On top of Mi­gen, LiteX pro­vides easy-to-use and space-ef­fi­cient mod­ules to cre­ate your own Sys­tem On Chip (SoC) in less than an hour! It al­ready has sup­port for 16+ pop­u­lar boards, gen­er­ates ver­ilog, builds, and loads the bit­stream for you. Doc­u­men­ta­tion is how­ever quite sparse, but I would sug­gest you read the LiteX for Hard­ware En­gi­neers guide if you want to learn more.

High-level Syn­the­sis (HLS)

For com­plex al­go­rithms, Mi­gen/VHDL/Ver­ilog are not the most ef­fi­cient lan­guages as they are too low-level and are akin to writ­ing im­age recog­ni­tion ap­pli­ca­tions in as­sem­bly.
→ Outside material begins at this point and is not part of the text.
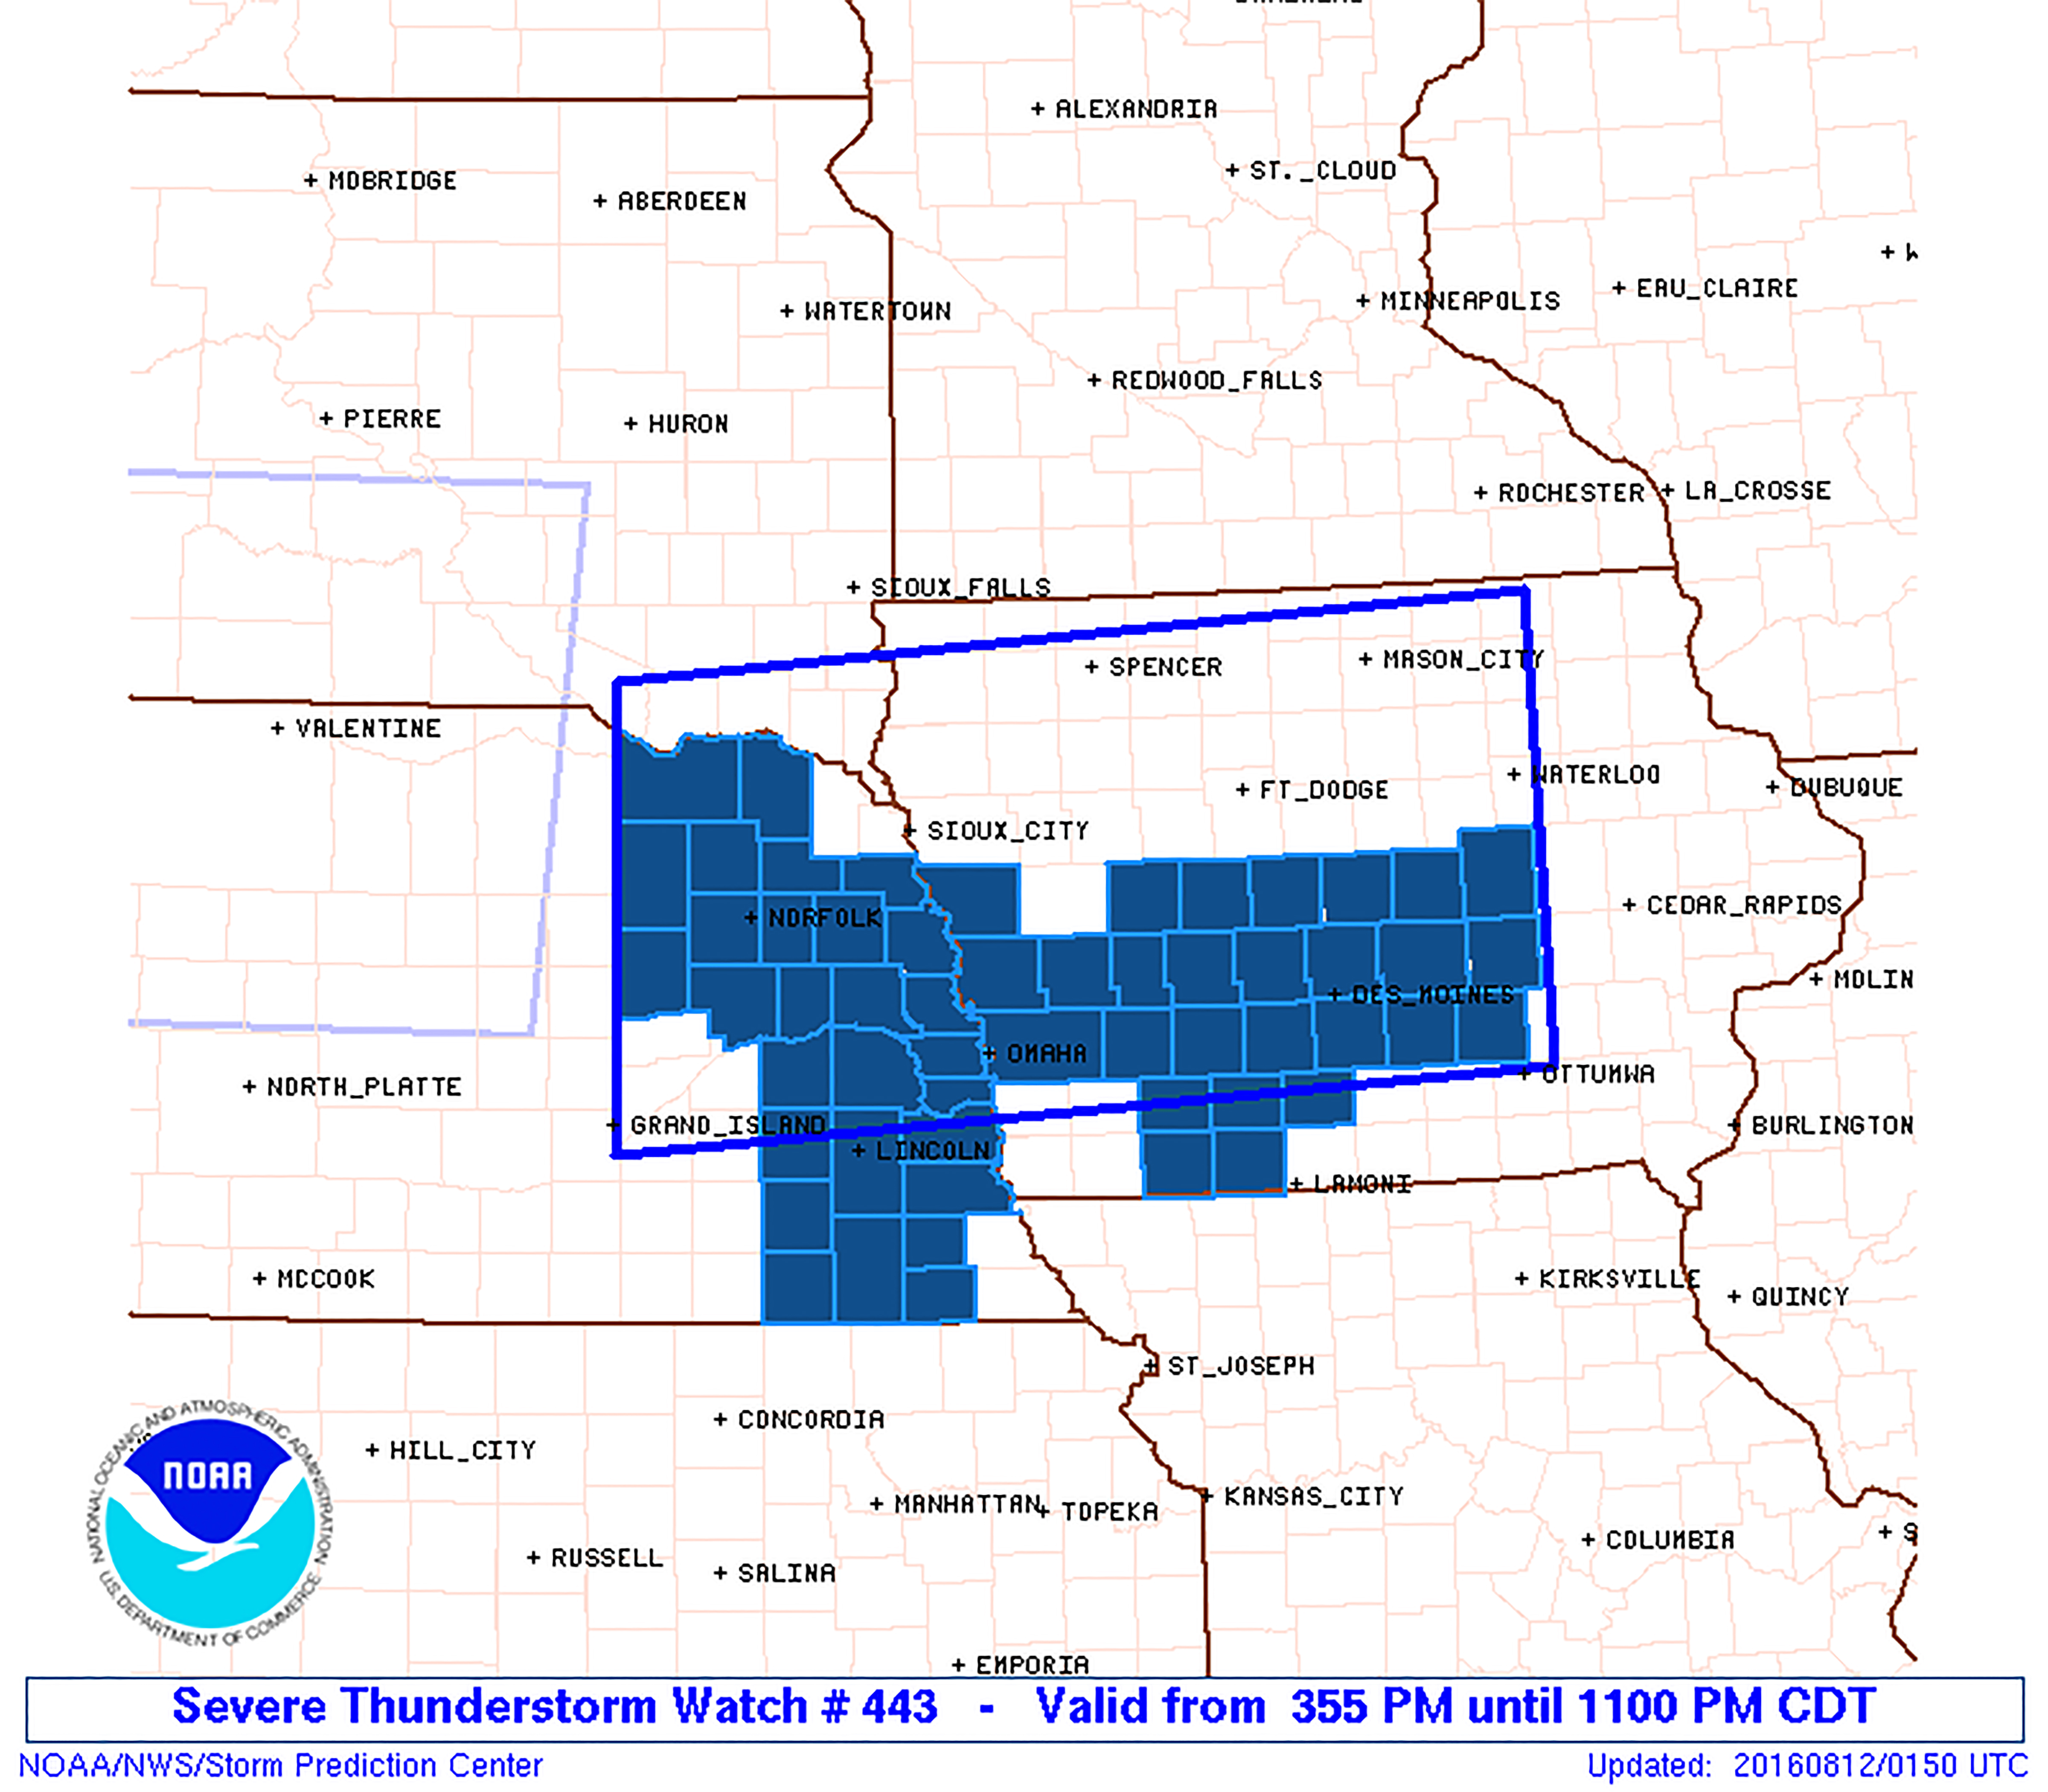 It S Time To Stop Issuing Tornado And Severe Thunderstorm Watch Boxes Meteorologist Scott Dimmich

In­stead, high-level syn­the­sis en­ables writ­ing an un­timed model of the de­sign in C, and con­vert it in an ef­fi­cient Ver­ilog/VHDL mod­ule. This makes it easy to val­i­date the model, and to tar­get mul­ti­ple FPGA ven­dors with the same code with­out an ex­pen­sive rewrite of the mod­ule. More­over, changes in the al­go­rithm or la­tency re­quire­ments will not re­quire an ex­pen­sive rewrite and re-val­i­da­tion. Sounds amaz­ing to me!

The bad part is that most of C/C++-com­pat­i­ble HLS tools are pro­pri­etary or seem to be aca­d­e­mic toy pro­jects. I hope I am wrong though, so I’ll need to look more into them as the prospects are just too good to pass! Let me know in the com­ments which pro­jects are your favourite!

Hard IPs (Fixed func­tions)

Ini­tially, FP­GAs were only made of a ton of gates / LUTs, and de­signs would be fully im­ple­mented us­ing them. How­ever, some func­tions could be bet­ter im­ple­mented as a fast and ef­fi­cient fixed func­tion: block mem­ory, Se­ri­al­izer/De­se­ri­al­izer (par­al­lel to se­r­ial and vice versa, of­ten call SERDES), PLLs (clock gen­er­a­tors), mem­ory con­trol­ers, PCIe, …

These fixed-func­tion blocks are called Hard IPs, while the part im­ple­mented us­ing the pro­gram­ma­ble part of the FPGA is by ex­ten­sion called a soft IP. Hard IPs used to be re­served to higher-end parts, but they are nowa­days found on most FP­GAs, save the cheap­est and small­est ones which are de­signed for low-power and self-re­liance.

For ex­am­ple, the $100 part men­tioned ear­lier in­cludes mul­ti­ple SERDES that are suf­fi­cient to achieve HDMI 1.4 com­pli­ance, a PCIe 2.0 with 4 lanes block, and a DDR3 mem­ory con­troler. This makes it suf­fi­cient for im­ple­ment­ing dis­play con­trol­ers with mul­ti­ple out­puts and in­puts, as seen on the NeTV2 open hard­ware board.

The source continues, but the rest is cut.